Gibson’s term as chairman of the National Assn. for the Advancement of Colored People ended in 1995, the year he was accused of contributing to the group’s $3-million-plus deficit by abusing his expense account.
He was ousted by one vote and replaced by Myrlie Evers-Williams, the widow of Medgar Evers, a former NAACP official who was murdered in Mississippi in 1963.
Although Gibson said he could account for nearly all the $111,930 in question as NAACP business, his 10-year tenure was also hampered by complaints about a decline in corporate donations and membership.
Born in Darlington County, South Carolina, Gibson was the son of a brick mason and a schoolteacher. He became a dentist, and after interning at Harlem Hospital in New York, returned to his hometown of Greenville in 1959.
While attending a voter registration meeting at Springfield Baptist Church in 1961, he decided to devote his life to civil rights. He organized the Black Council for Progress, a group that helped boost blacks into local and state political offices during the 1970s.
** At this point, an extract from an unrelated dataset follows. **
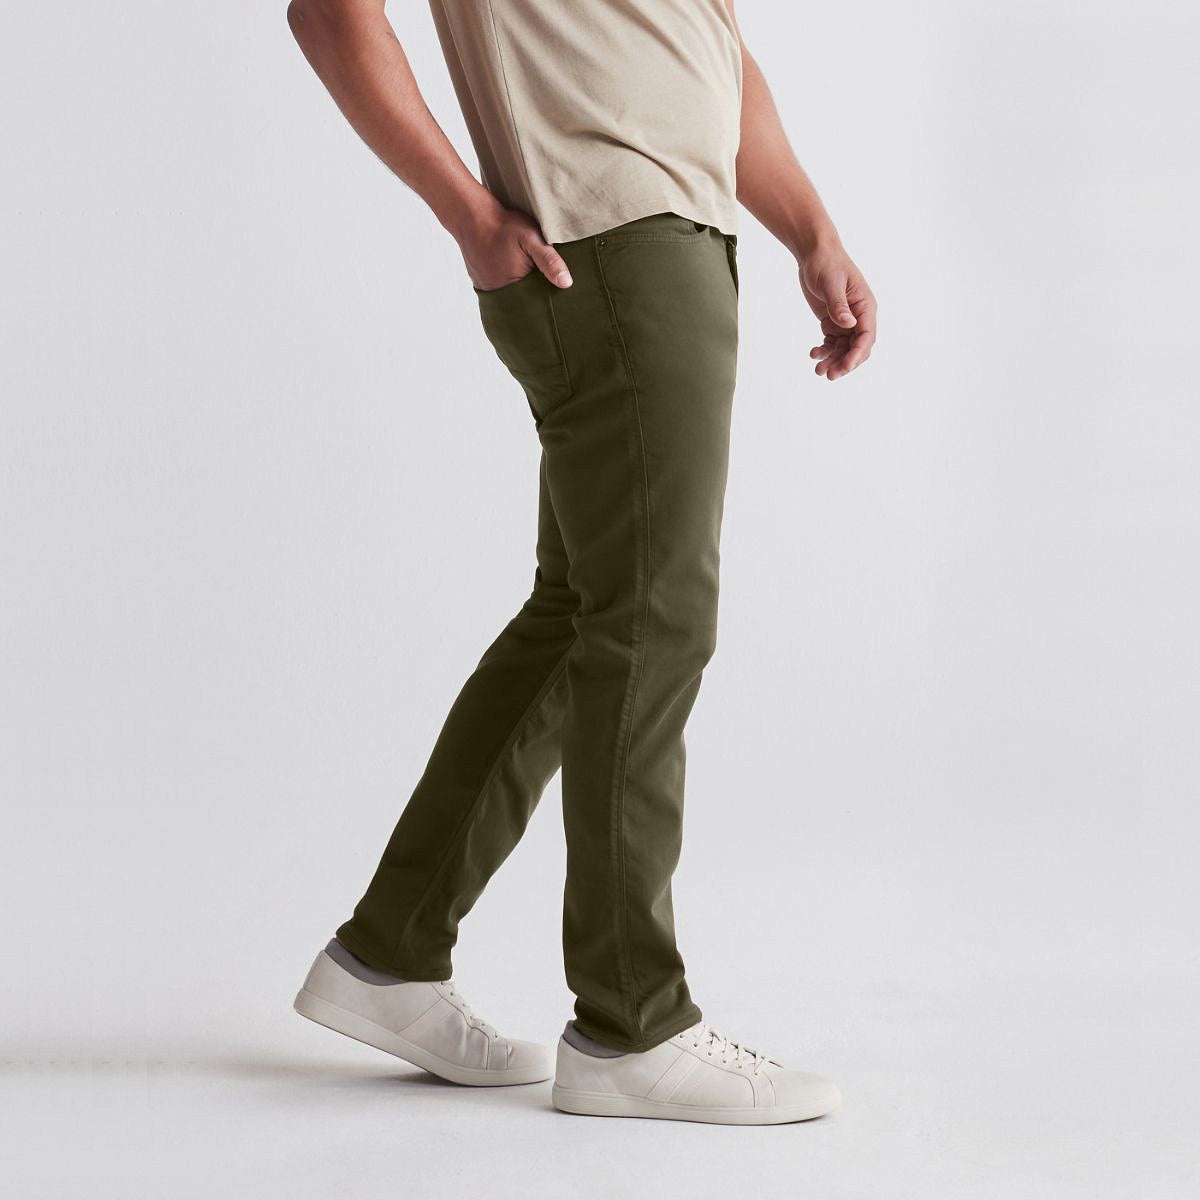 Duer - Men's No Sweat Pant Relaxed Taper  - Army Green
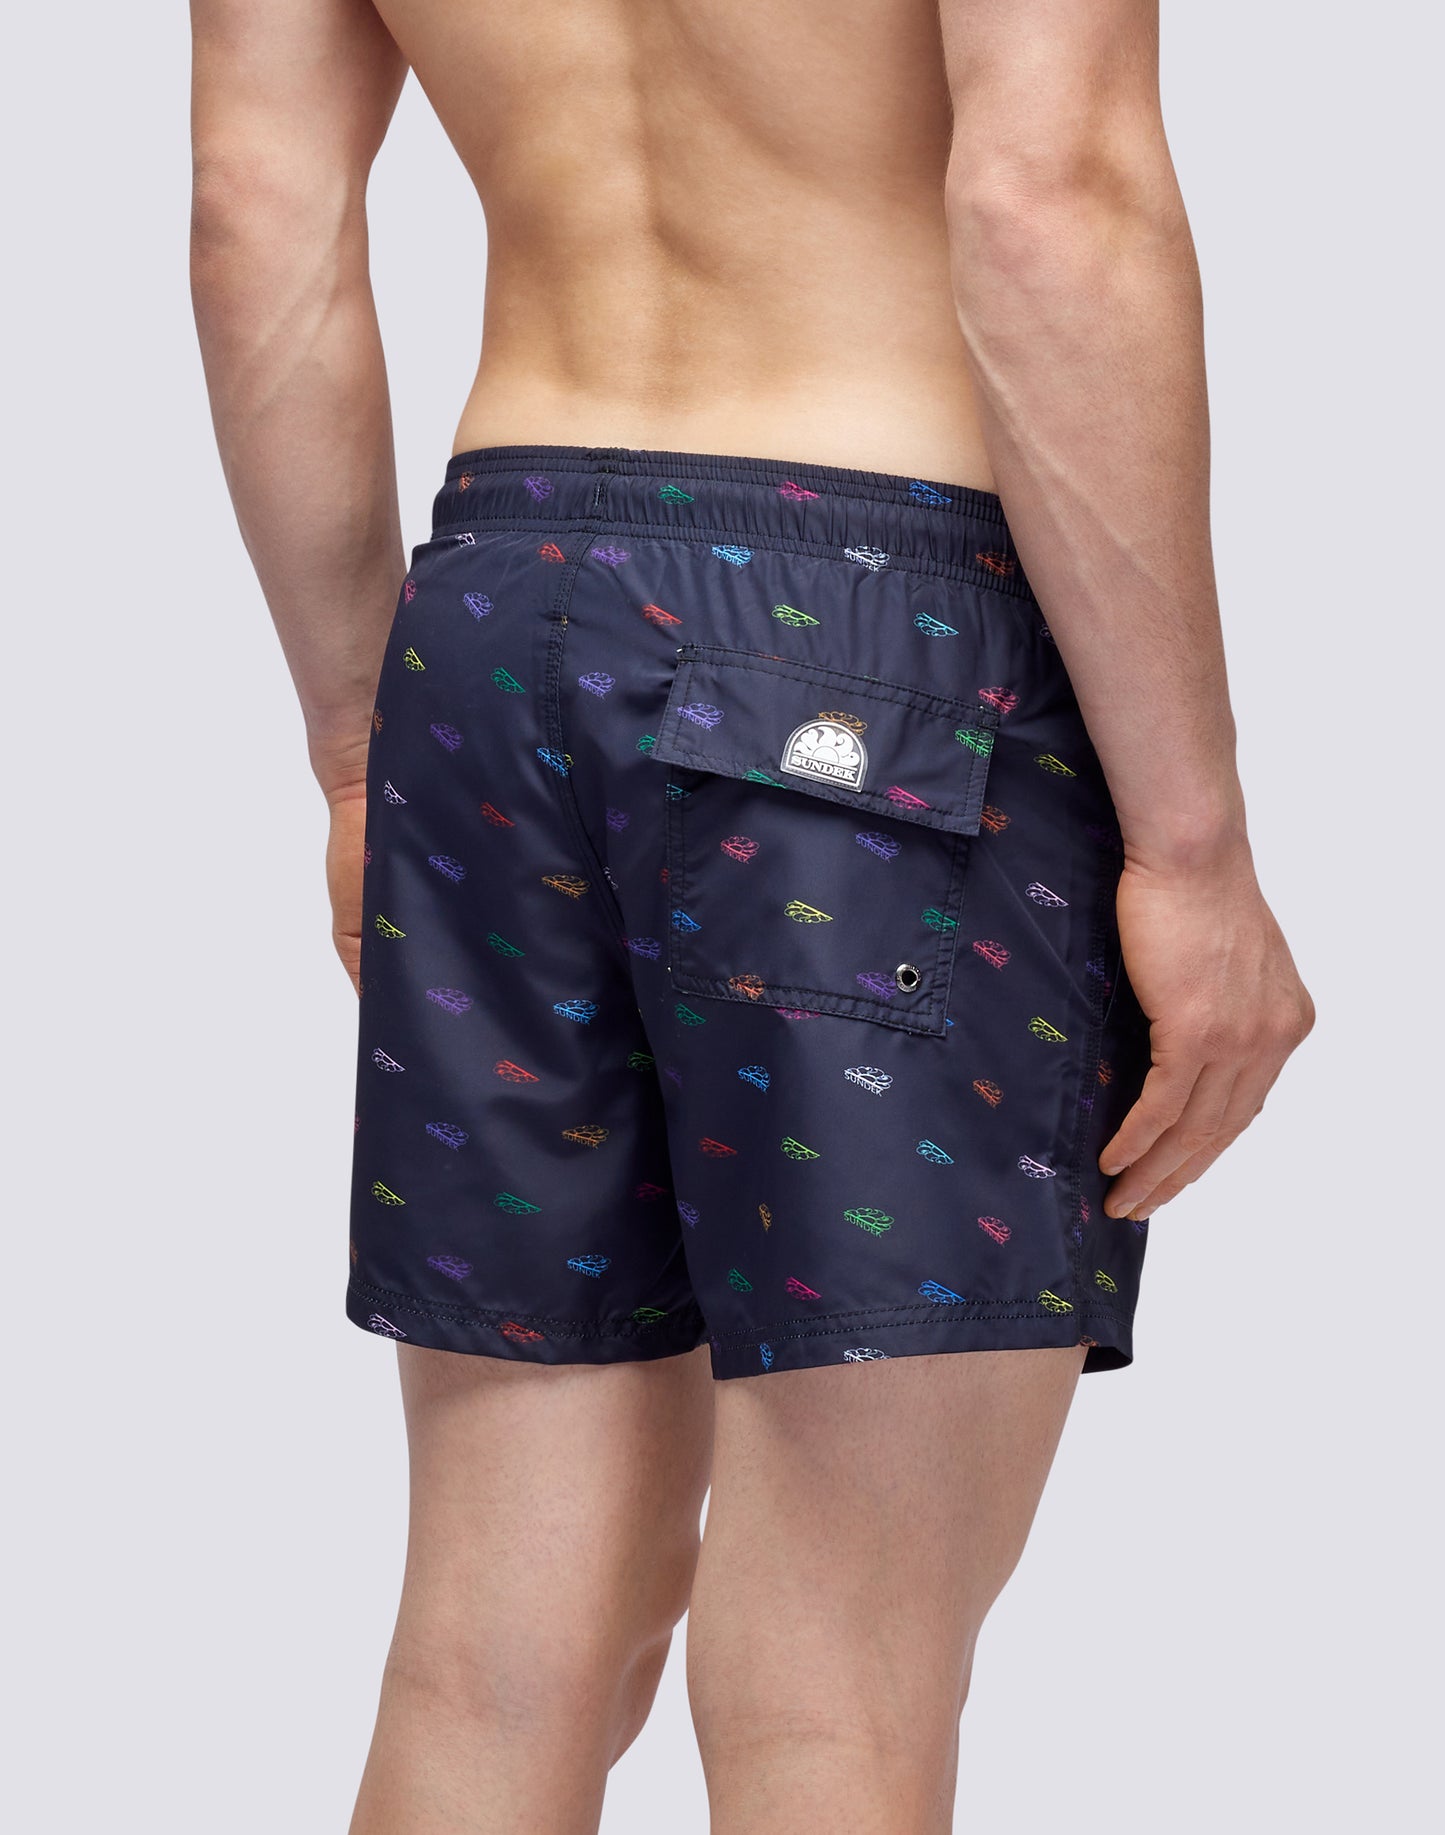 RECYCLED POLY SHORT SWIMSHORTS WITH ELASTIC WAIST MONOGRAM PRINT

Gibson’s commitment to voters’ rights continued through his 1985 election as NAACP national board chairman. “The ballot is the most important weapon we have,” he said.
Shortly after his election, Gibson told Jet magazine that the Reagan administration was “anti-black, anti-woman, anti-minority and anti-civil rights.”
He said the NAACP was “developing tactics and strategies to make certain that the Reagan-created court will not turn back the clock as it relates to blacks gaining their fair share in the public marketplace.”
Elaborating in an article for Crisis, an NAACP publication, Gibson wrote: “We are turning our political efforts toward our local communities and to Congress, where we continue to secure important victories for civil rights.”
According to Contemporary Black Biography, Gibson took the NAACP in a new direction during his tenure as chairman in the ‘80s and ‘90s. His agenda for the nation’s largest civil rights group was centered on the premise that it become more actively involved in the nation’s economy.
“The economic arena is where the game is being played now,” he told Jet. “That’s where the jobs are; that’s where the power is.”
Jackson said Gibson served others in his personal life as well, providing free dental care to people who couldn’t afford it.
“Gibson’s career represents a challenge to professionals who sometimes immerse themselves in their work and their pursuit of private success,” Jackson said. “Gibson was of the lineage that you became a professional so you could help more people.”
He is survived by his wife, Lottie, and four sons.